If you are using a cluster, you can direcyly load Python 3.11 with:

```module load PyTorch/2.1.2-foss-2023a-CUDA-12.1.1```

To install the required packages, you can create a virtual environment and use pip:

```bash
python -m venv venv
source venv/bin/activate
pip install -r requirements.txt
```

## Reproducing Results
NOTE: we discourage running our commands without thoroughly investigating their content. They can allocate many resources and consume a significant amount of time space and time. Please consider reviewing each script before execution. We highly recommend reviewing the script line by line to maintain full control over the experiments. 
You find our sbatch files in the `sbatch` folder and our Python code in the `src` folder. Feel free to contact us if you face any issues!

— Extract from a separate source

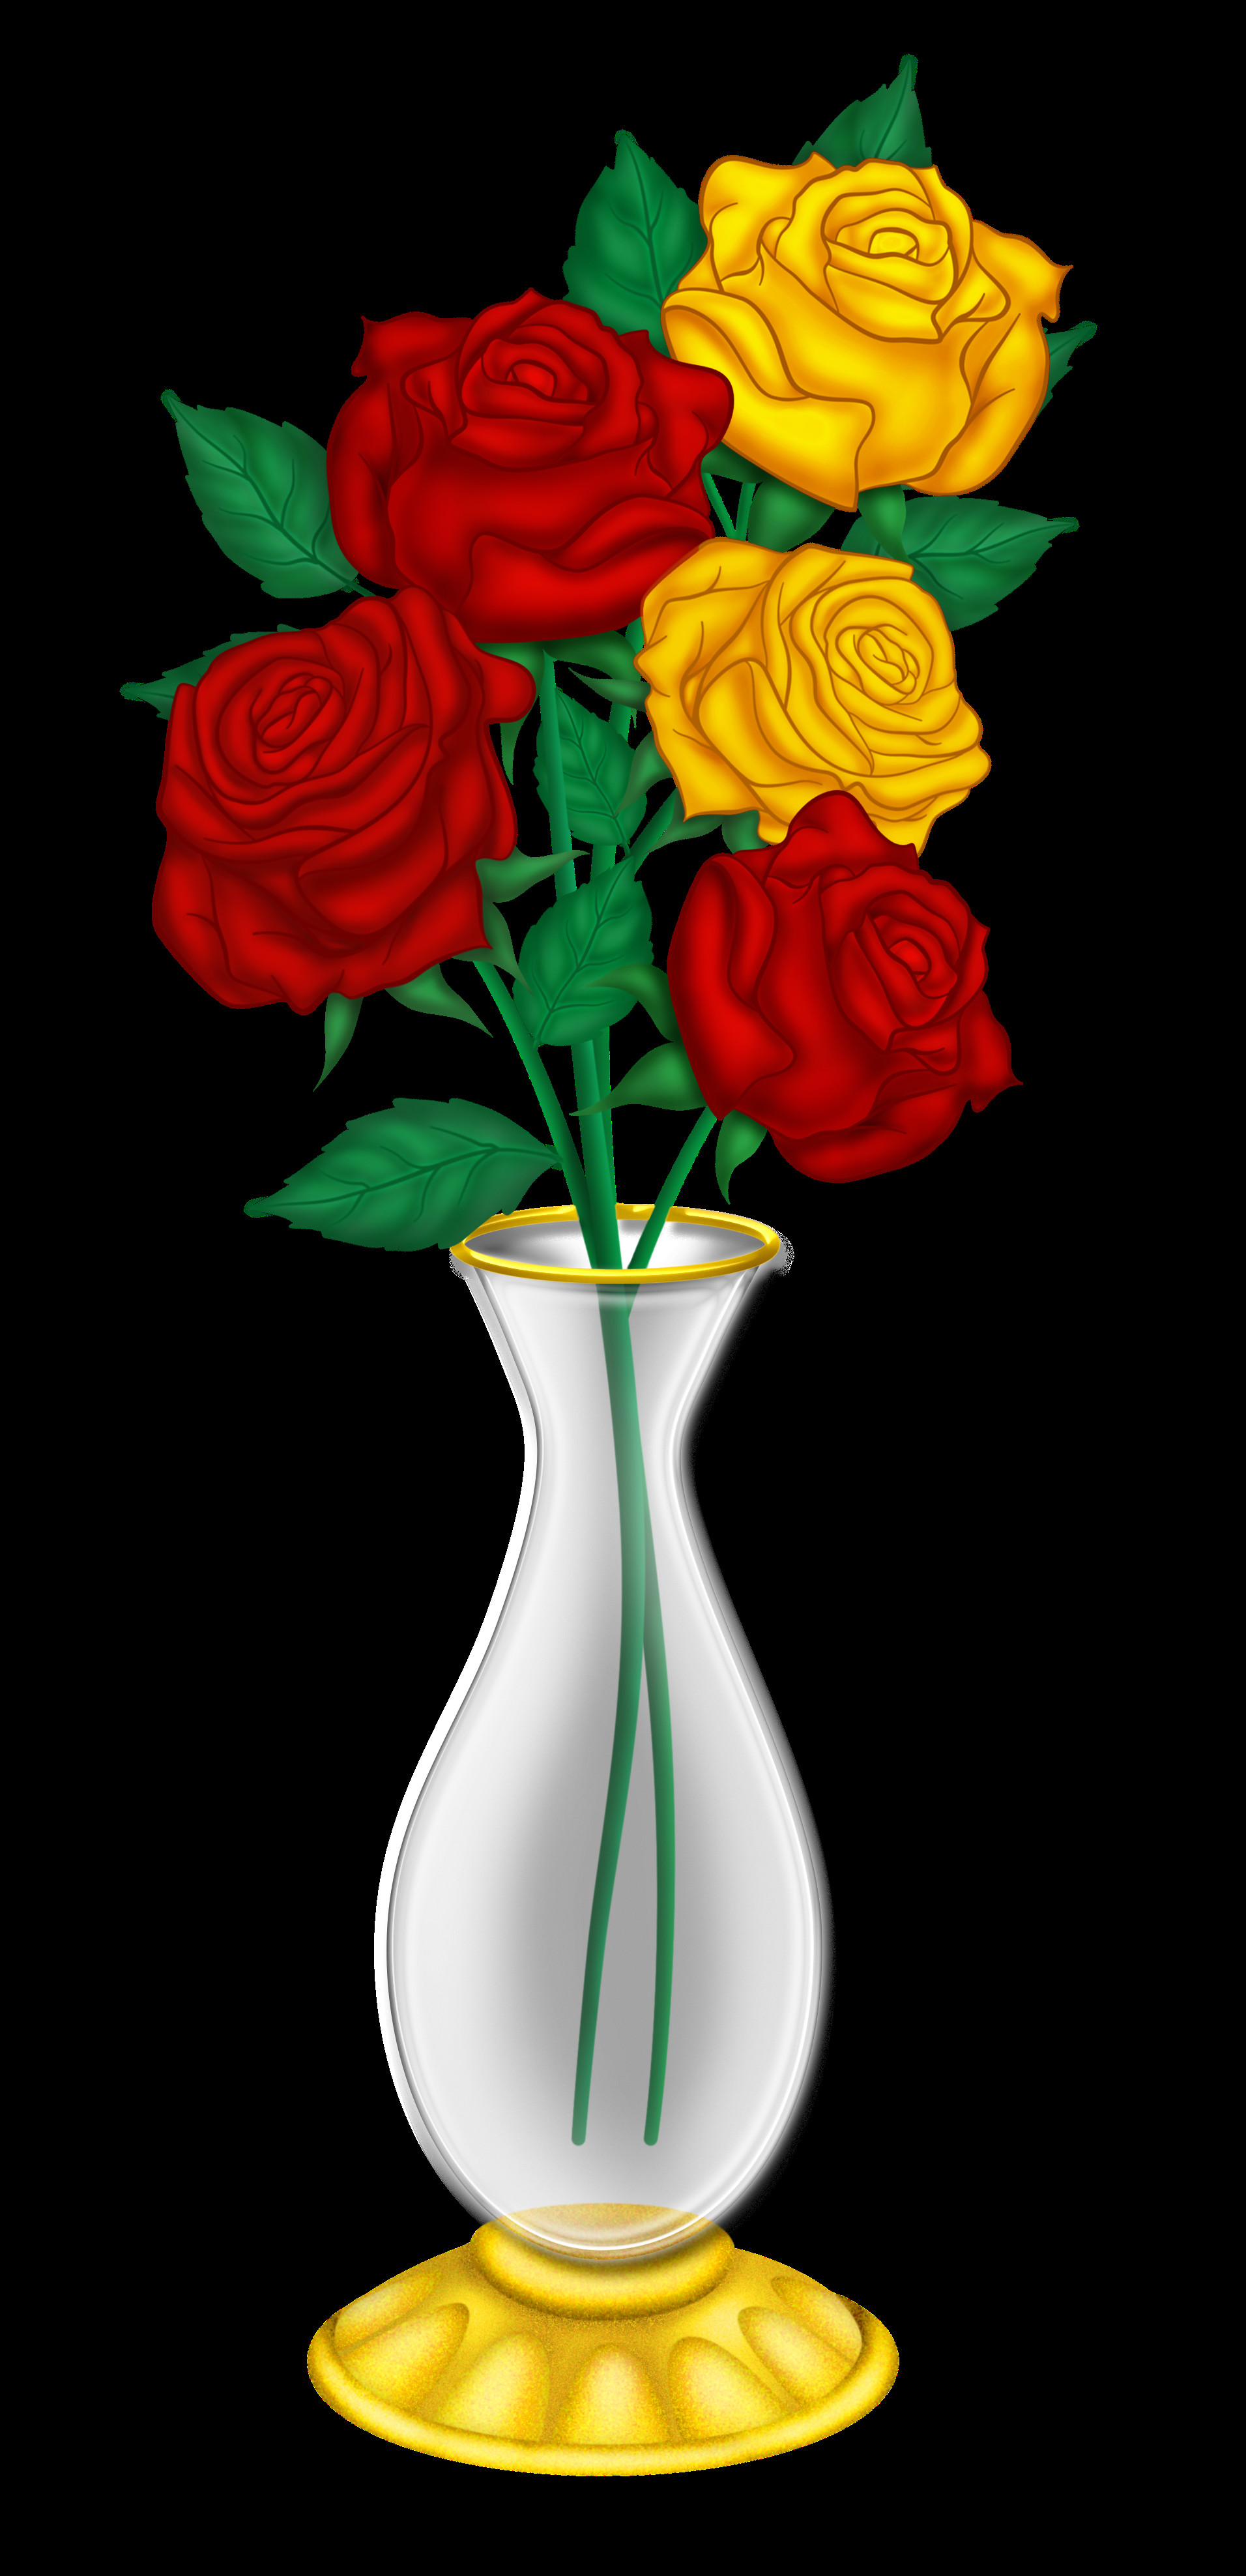 18 Trendy Yellow Rose Vase 2024 free download yellow rose vase of 1866 rose vase stock vector illustration and royalty free rose within view all vase clipart colorful

Feel free to contact us for any issues or questions. If you intend to use our models without re-training or performing our evaluation, we are happy to inform you that they will be released on Huggingface soon. 

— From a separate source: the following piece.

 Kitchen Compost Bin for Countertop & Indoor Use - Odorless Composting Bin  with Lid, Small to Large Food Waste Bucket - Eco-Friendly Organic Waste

NOTE: when not explicitly set, we used default parameters in each script

### Download data
Download data used in <a href="https://aclanthology.org/2023.acl-long.176/">previous work</a> . 
```bash 
sbatch sbatch/download.sh
```

### Fine-tuning
Fine-tune meta Llama models. This command will execute several fine-tuning with different parameters. 
```bash 
bash sbatch/finetuning_batch.sh
```

### Generation
Generate definitions for all the Definition Generation, Word-in-Context, Word Sense Induction, and Lexical Semantic Change tasks. These commands will execute several script. 
```bash 
bash sbatch/generation_batch.sh # DG llamadictionary
```
```bash 
bash sbatch/t5_generation_batch.sh # DG flan-t5
```
```bash 
bash sbatch/generation_batch_wic.sh # WiC llamadictionary and flan-t5
```
```bash 
bash sbatch/generation_batch_lsc.sh # WSI-LSC llamadictionary and flan-t5
```

##### Evaluation and results
Evaluate the use of definition embeddings for all the Definition Generation, Word-in-Context, Word Sense Induction, and Lexical Semantic Change tasks. These commands will execute several script. Multiple SBERT models are tested and different settings (e.g., different sentence length / short word removal for LSC-WSI).

```bash 
bash sbatch/evaluation_batch.sh # DG llamadictionary and flan-t5
```
```bash 
bash sbatch/wic_evaluation.sh # multiple sbert models
```
```bash 
bash sbatch/wsi-lsc_evaluation.sh # multiple sbert models
```

### Our generated definitions and results
To print the evaluation result we obtained on the Definition Generation task, run:
```python 
python src/print_dg_scores.py
```
To make the plot in our paper:
```python 
python src/lora_plot.py --qlora --metric bertscore
python src/lora_plot.py --qlora --metric nltk_bleu
python src/lora_plot.py --lora --metric bertscore
python src/lora_plot.py --lora --metric nltk_bleu
python src/wic_plot.py
python src/wsi_plot.py
python src/lsc_plot.py
```

Our results are available in the `research-output` folder, while the downloaded and processed datasets will be available (after running our script) in the `datasets`, `wic`, and `dwug_en` folders. Note that the: `*answers` folders contain generated definitions for each line in the considered datasets, `*evaluation` folderds contain the scores for each metric considered in the DG task.